2Hという言葉がある。テレビ界の友人によれば、2時間ドラマ、即ち2-hour dramaの略だ。私はその2Hのファンなので、当欄の前身「本読み by chance」では「2時間ミステリー(2H)」というジャンルを設けていた。「2時間ドラマの旅で考える鉄道論」(2014年10月31日付)、「ハムレットを2時間ドラマに重ねる」(2015年9月11日付)、「2時間ドラマまったり感の崖っぷち」(2017年7月14日付)など7本を収めている。
熱烈なファンであっても、私の2H鑑賞法は手抜きのそしりを免れない。
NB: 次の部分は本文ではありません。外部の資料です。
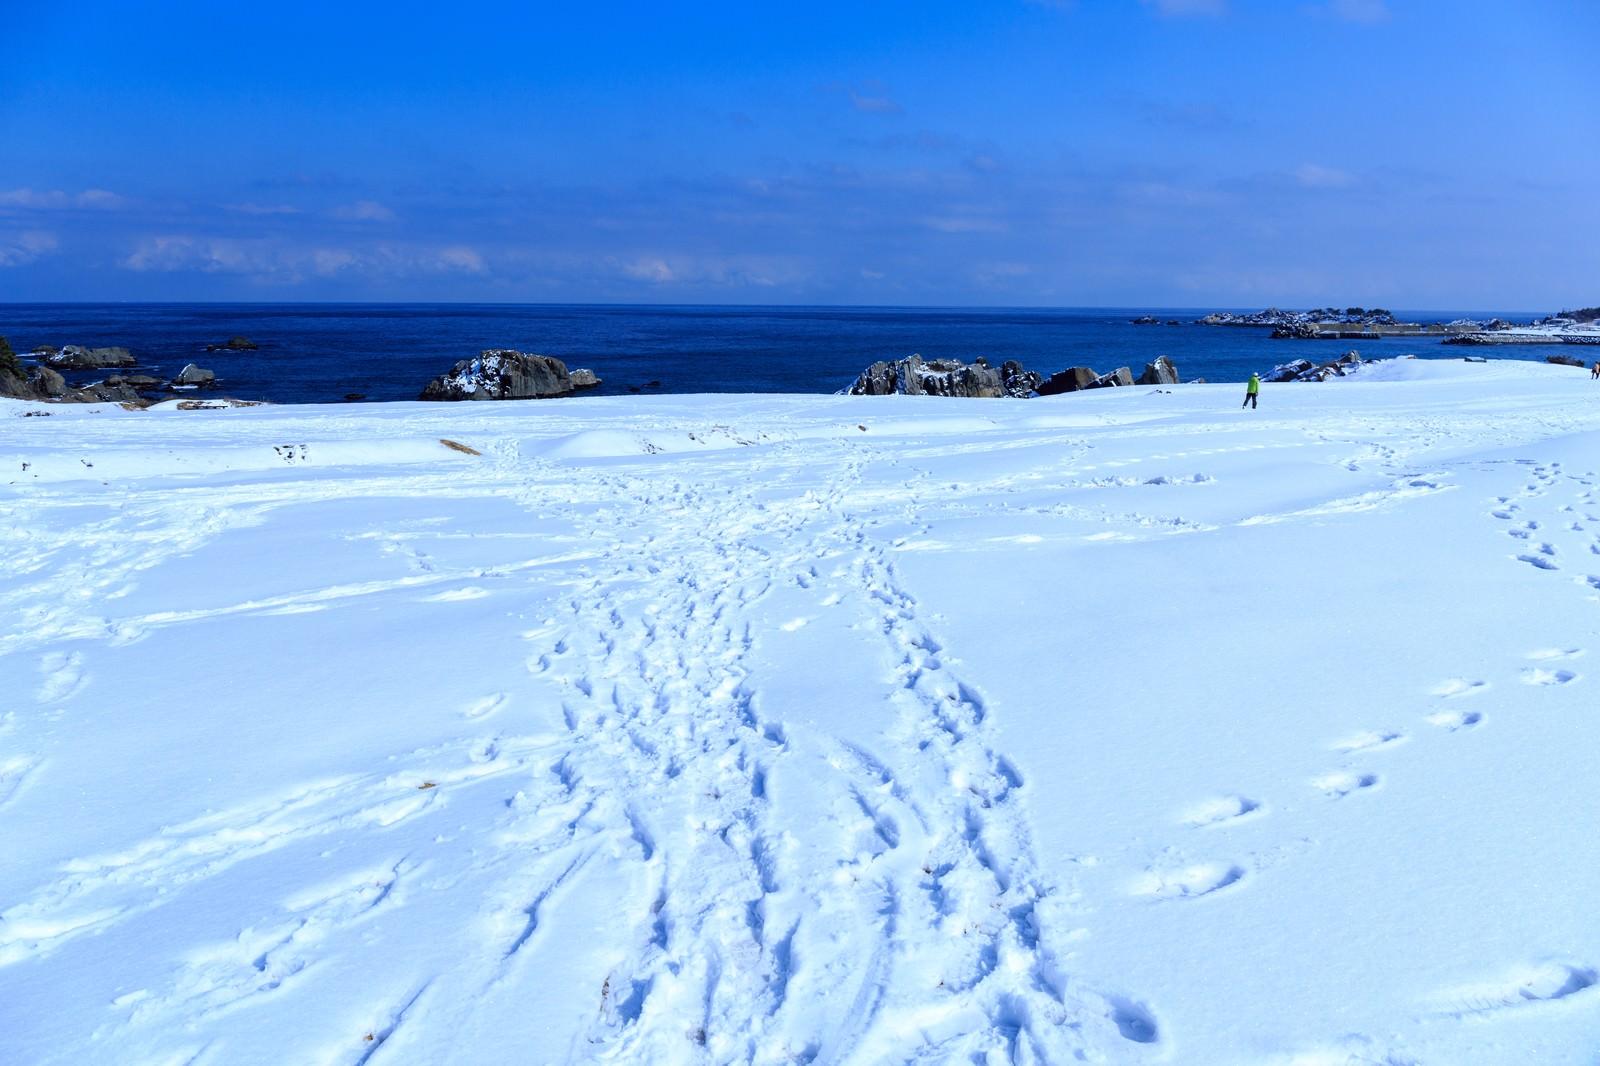 「雪の種差海岸雪の種差海岸」のフリー写真素材を拡大

夕食後、寝っころがって、ボーッと視聴する。たいていはほろ酔い状態なので、ドラマの中盤、事件の輪郭が見えてくるあたりでうとうとしてしまう。はっと目が覚めるのは最終盤。崖の突端やら湖の畔やらに関係者一同が顔をそろえている。この大団円で刑事や検事、素人探偵が謎を解き、事件の一部始終を説明してくれる。中抜けでもちゃんとゴールできるのがいい。
この鑑賞法は、テレビドラマを芸術作品とみなすなら不真面目の極みだろう。だが、2Hは趣が違う。「どうぞみなさん、お好きなようにご覧ください」――耳元で、作品そのものがそんなふうにささやいているように思える。脱力を促している気配だ。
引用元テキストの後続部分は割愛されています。